A Quinta



Ultimately, the only wealth that can sustain any community, economy or nation is derived from the photosynthetic process—green plants growing on regenerating soil.
— Allan Savory

Holistic Management is an animal and land management practice that mimics nature to benefit both grazing stock and biodiversity. Graziers across the world have discovered that they can increase production of their herds while also improving water and mineral cycles of environments under a Holistic Management regime. Pioneered by Allan Savory more than 40 years ago, it offers land stewards a way to make grazing, land management and financial decisions that positively impact land health and productivity. This type of grazing management is now considered to be the single most beneficial technique for restoring both profits and biodiversity to independent grazing operations.

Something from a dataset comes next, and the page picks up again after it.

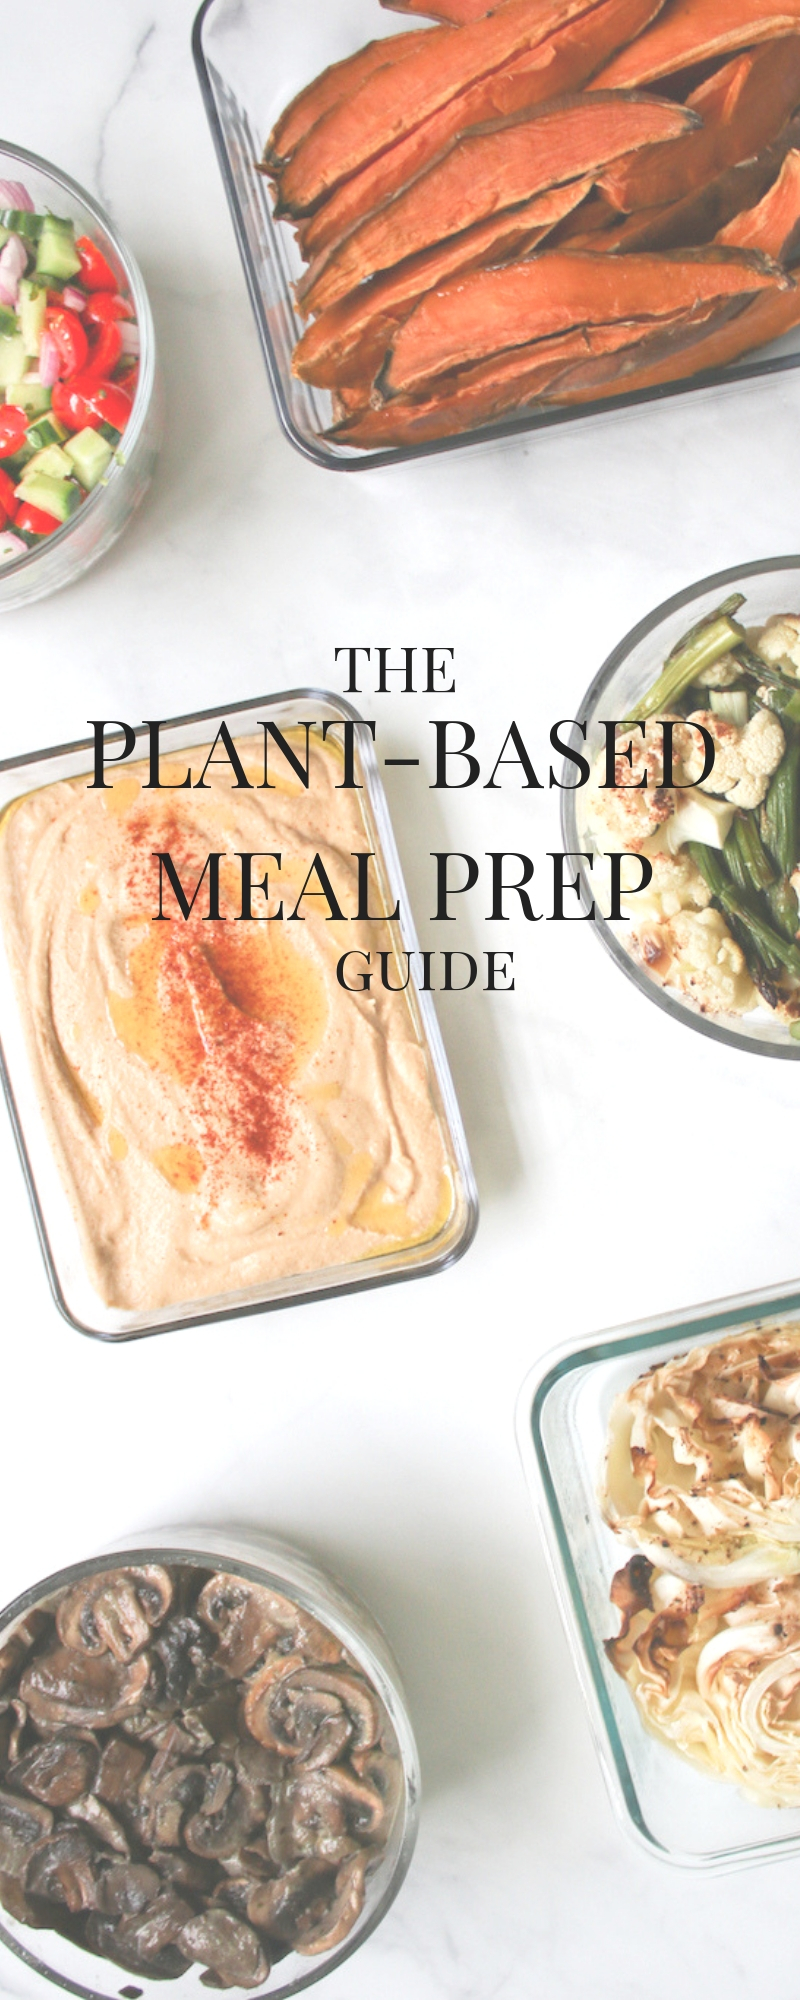 The Plant-based Meal Prep Guide
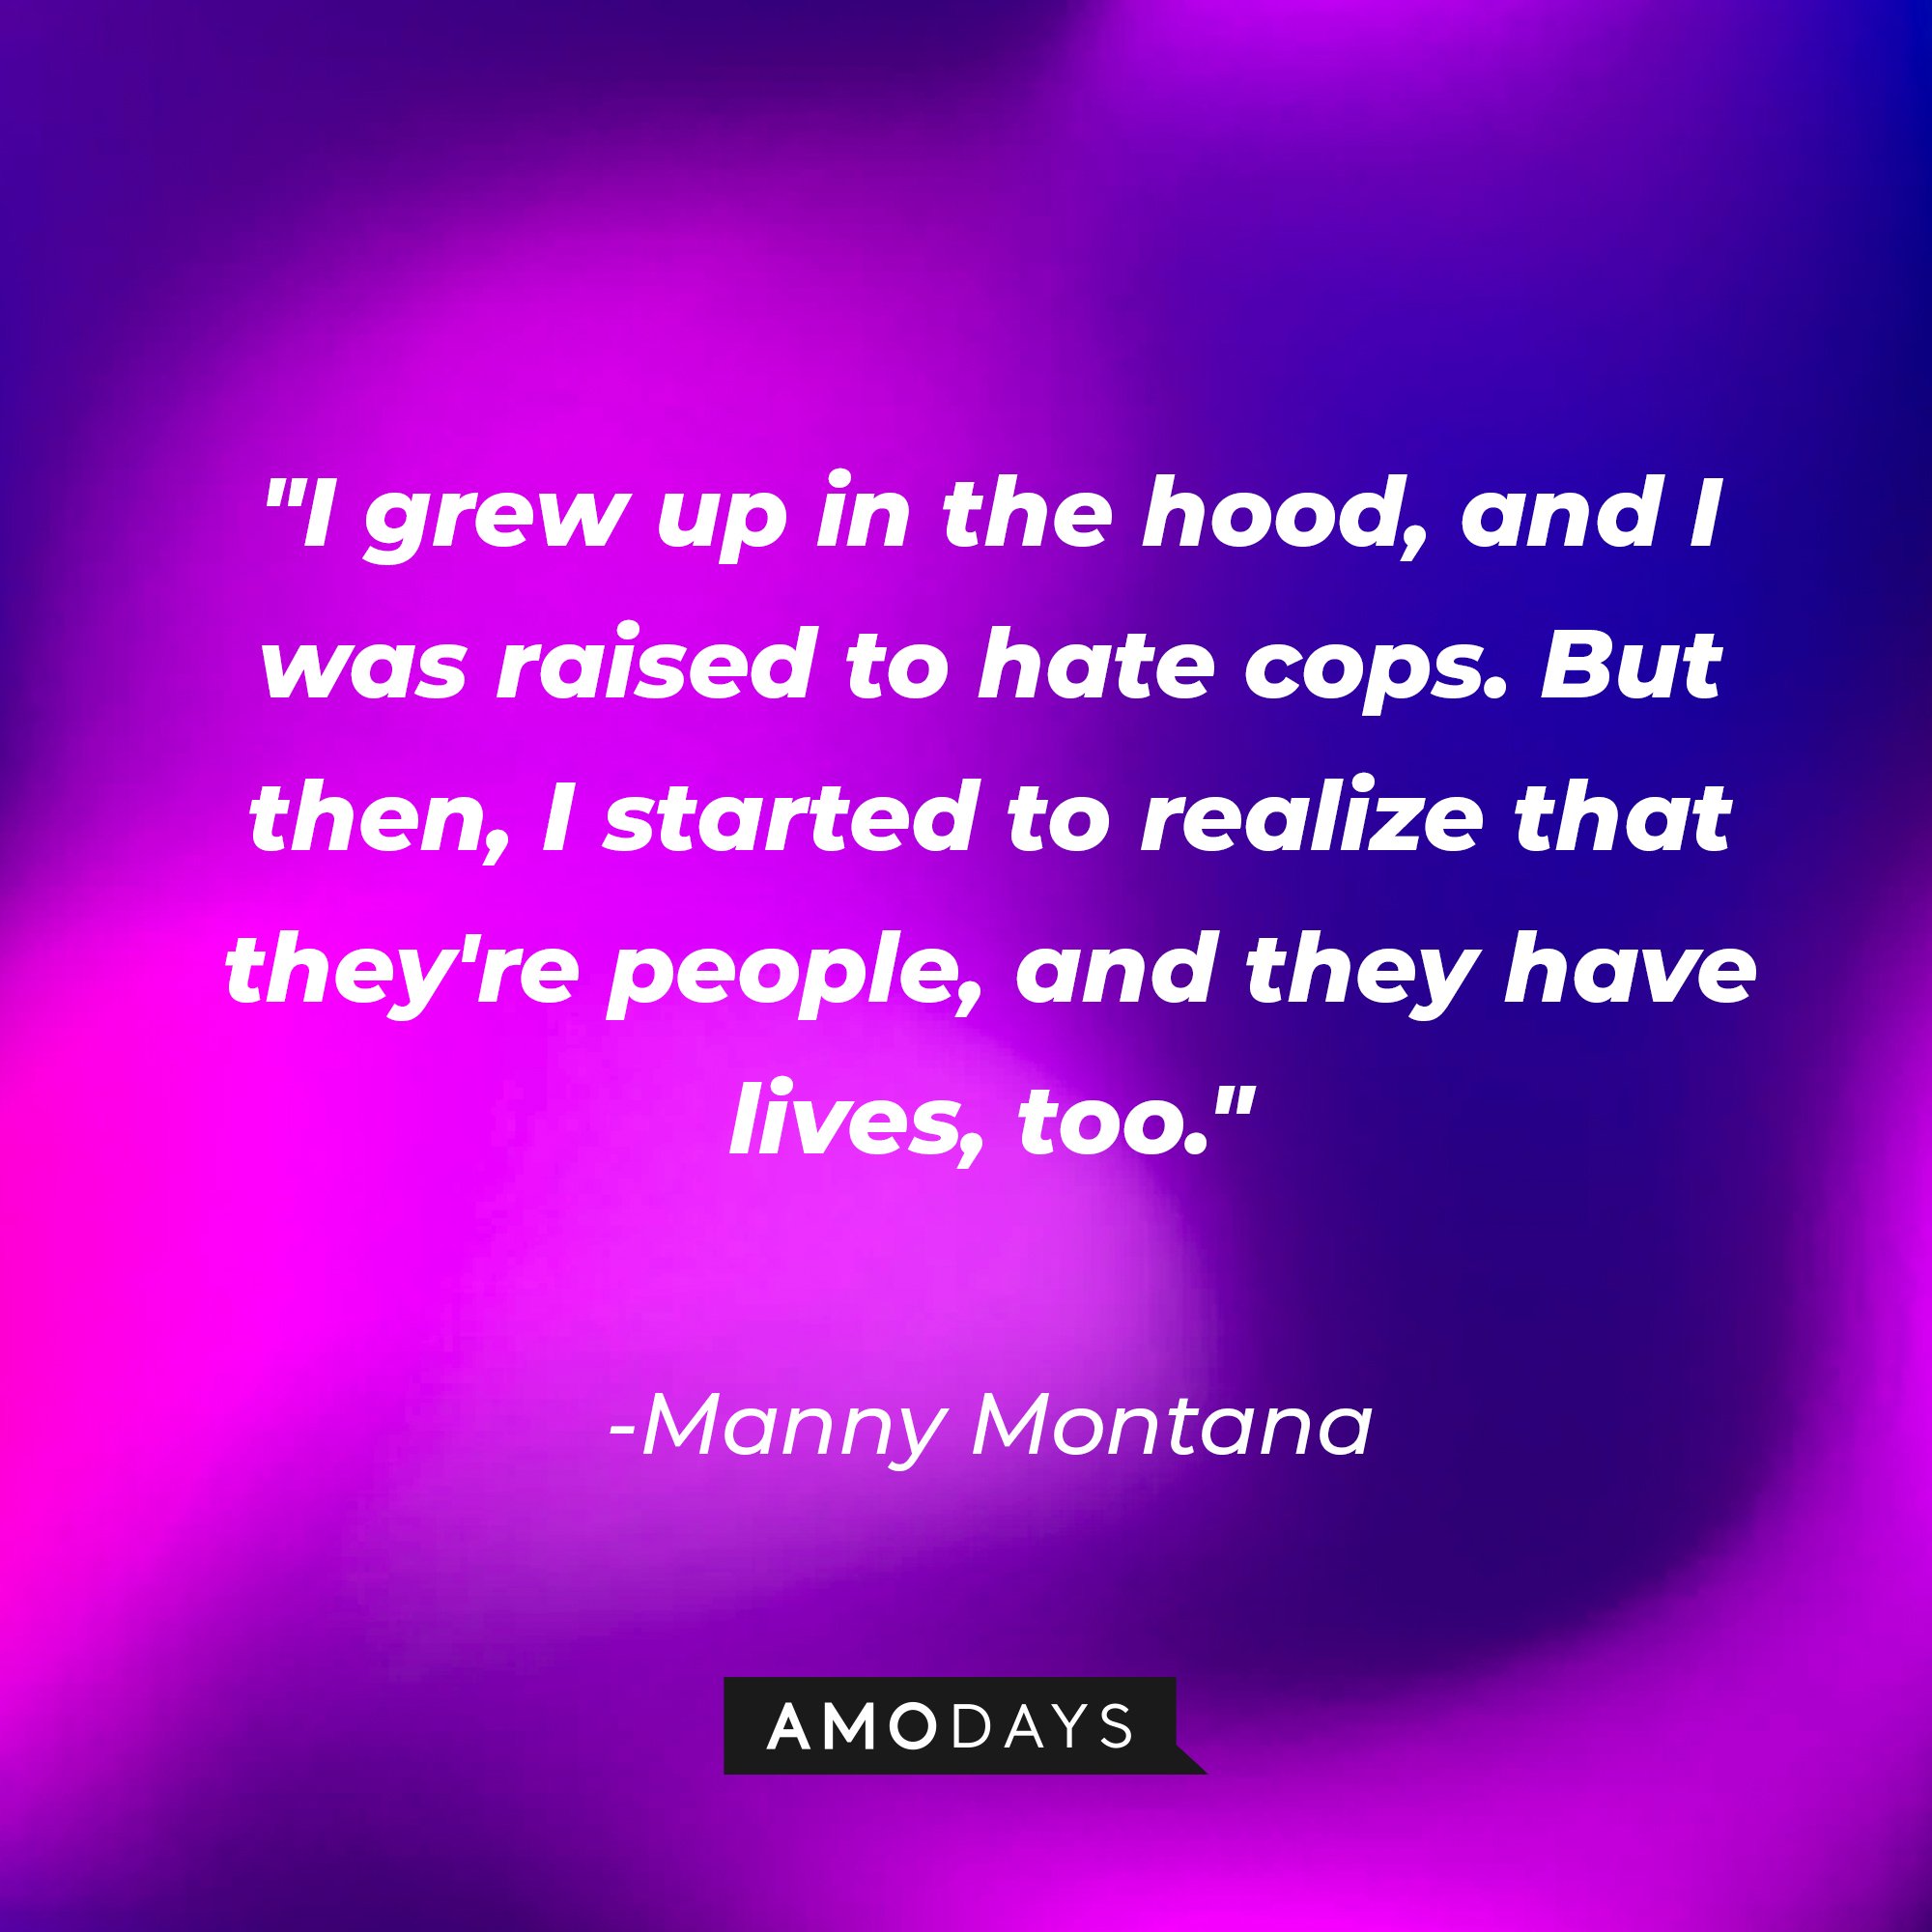 Manny Montana's quote: "I grew up in the hood, and I was raised to hate cops. But then, I started to realize that they're people, and they have lives, too." | Image: AmoDays

Holistic Animal Management is a planned grazing system, where large herds of animals are grazed in a certain area for a certain amount of time. To allow an even amount of grazing over the whole area to a optimal plant height, to allow the plant easy recovery and expansion.  Overgrazing is a function of mis-managed grazing time, NOT animal numbers. Damage occurs when the plant is trying to grow but an animal keeps eating it again. If a plant doesn’t have enough green leaves it can only continue to grow from energy stored in their roots. When this is exhausted, the plant will die. Damage to soil structure quickly follows.

Holistic Animal Management embraces and honors the complexity of nature, and uses nature’s models of wild herds crossing the plains, pushed by predators, to bring practical approaches to land management, and restoration.  Especially the use of different herds and animal species brings a multitude of advantages from naturally balanced parasite control to all plant species being eaten and a variety of nutrients entering the ground. 

The planning procedures embedded in the Holistic Management approach are designed to incorporate this complexity and work with it. It does take time, skills and discipline to use this decision-making framework successfully – but the economic, environmental and social benefits are enormous.

Understanding the relationship between grazing animals and the land is an important concept in Holistic Management, but it is much more than a grazing system. Because Holistic Management is such a versatile management and decision making system it can truly be applied in all aspects of life.

In the US millions of cattle are fed grain in a fossil fuel based factory production system, while so much of the land in the western half of the country is desertifying due to too few livestock.